> Exercise brief
In the data below, set down exactly the lines from the one containing "1994年春晚上,冯巩和牛群说了一段相声,叫《点子公司》,专门回答现场" up to and including the one containing "Detect-Ed Cuffed Beanie". Leave the pictures out.

[[ Entries supplied open ]]

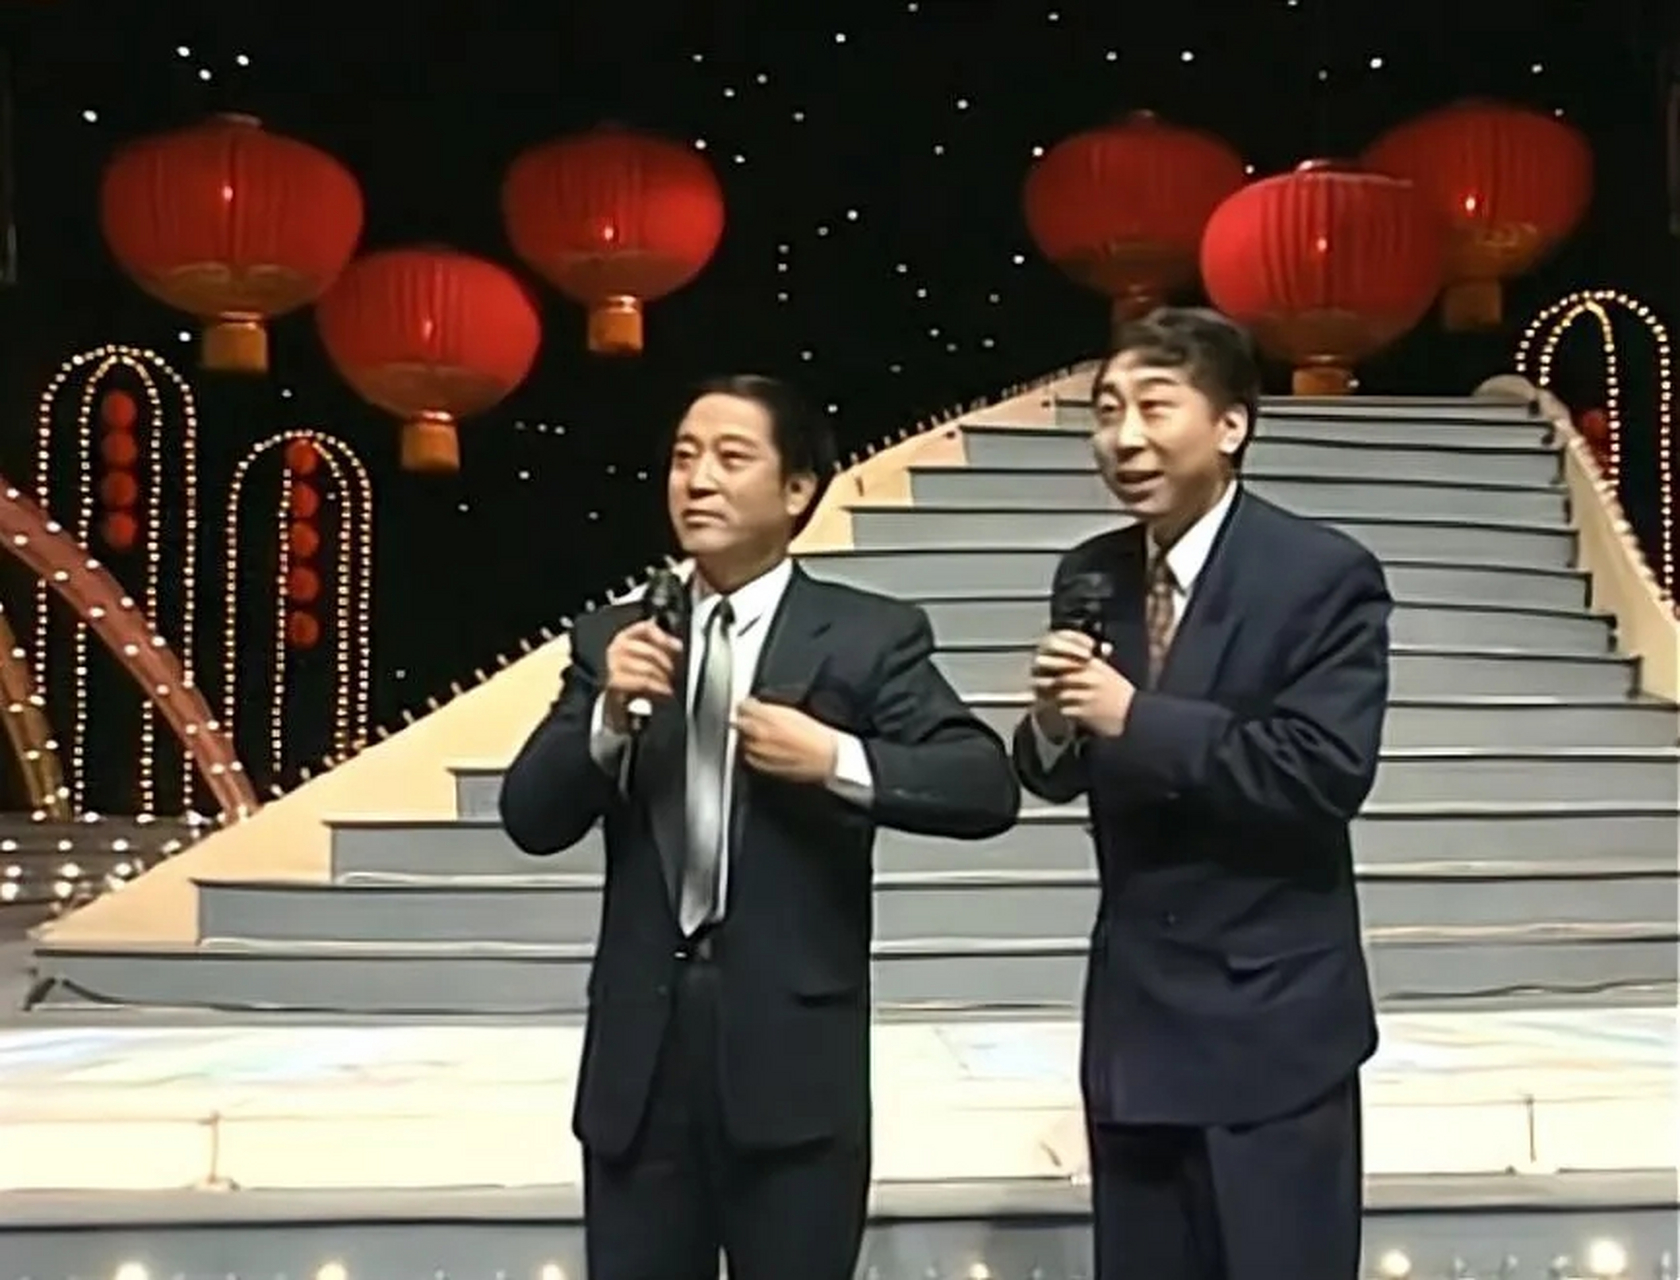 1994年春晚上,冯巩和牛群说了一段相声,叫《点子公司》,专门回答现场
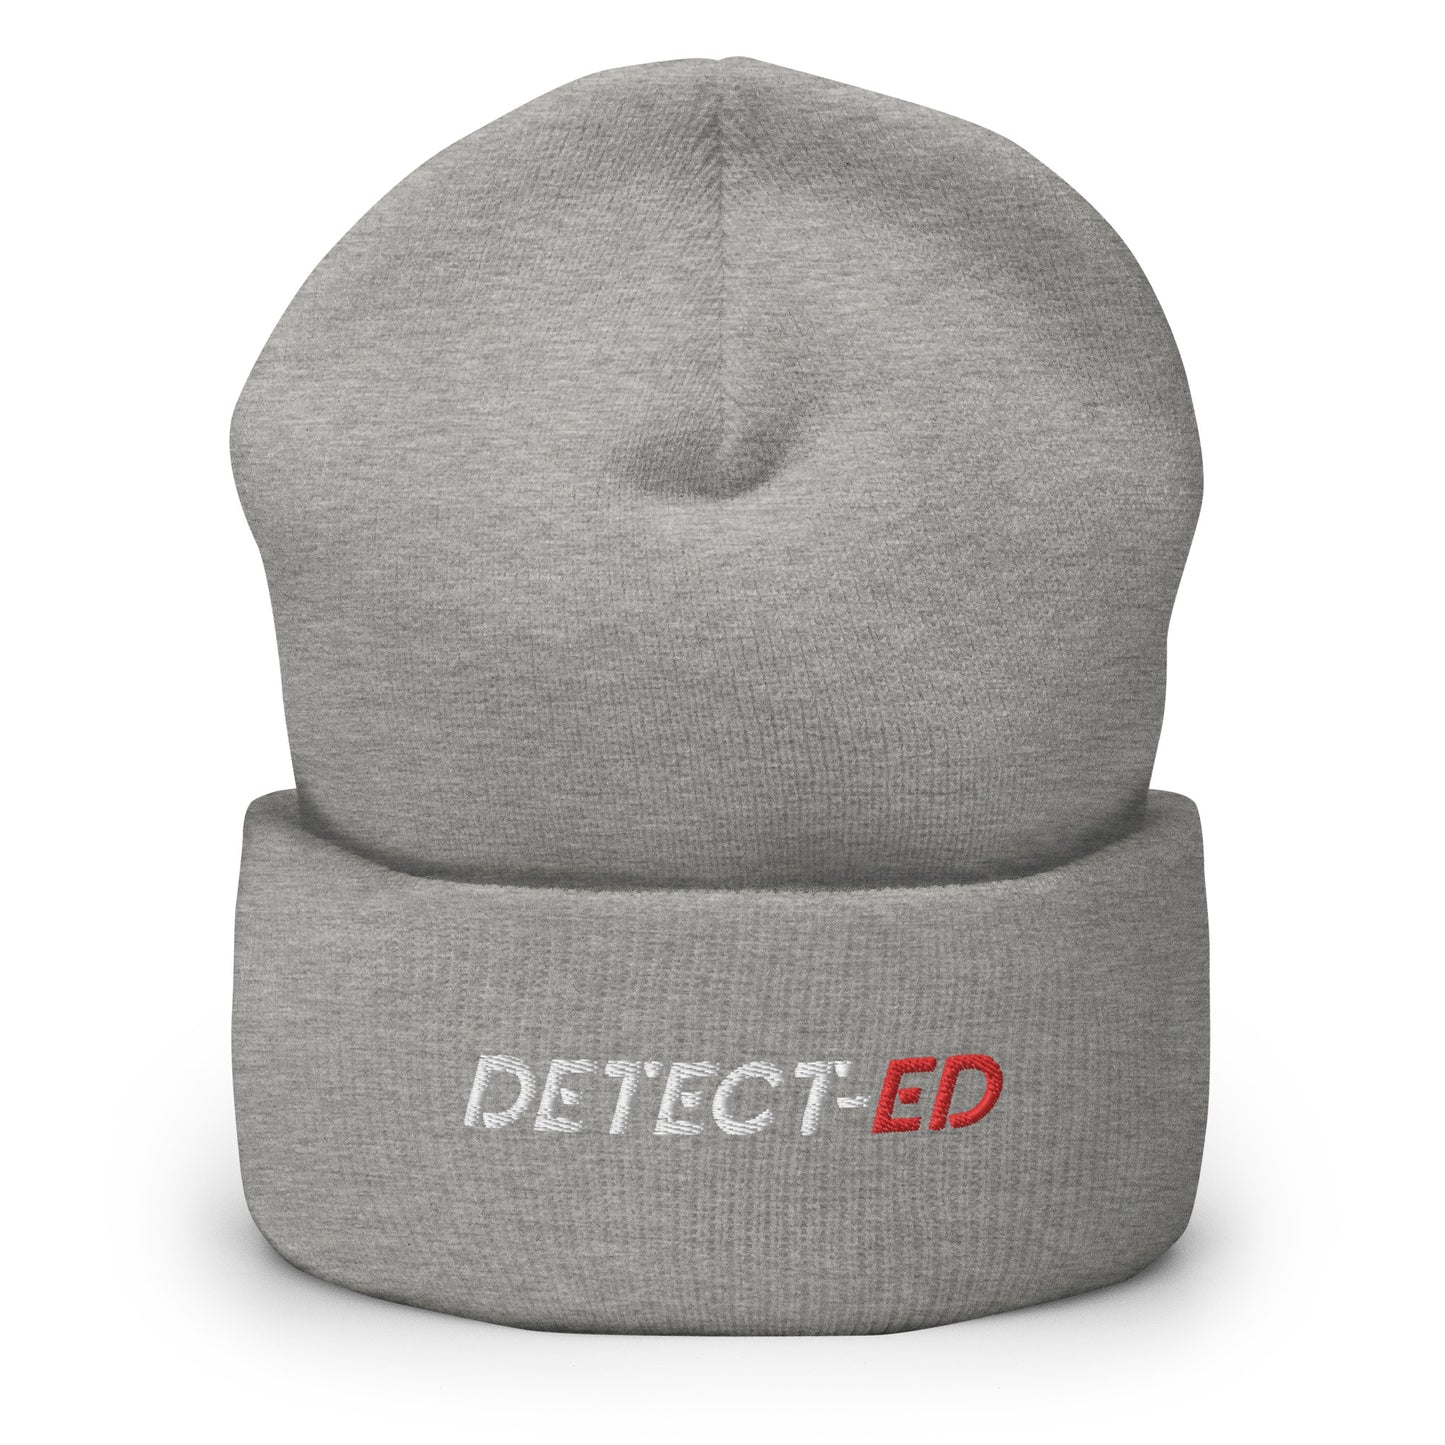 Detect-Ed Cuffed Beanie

[[ Entries supplied closed ]]
[[ Entries supplied open ]]

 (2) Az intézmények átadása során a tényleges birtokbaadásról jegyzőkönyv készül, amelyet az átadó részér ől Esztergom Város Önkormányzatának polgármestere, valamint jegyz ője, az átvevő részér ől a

[[ Entries supplied closed ]]

> Solved exercise
 1994年春晚上,冯巩和牛群说了一段相声,叫《点子公司》,专门回答现场
 Detect-Ed Cuffed Beanie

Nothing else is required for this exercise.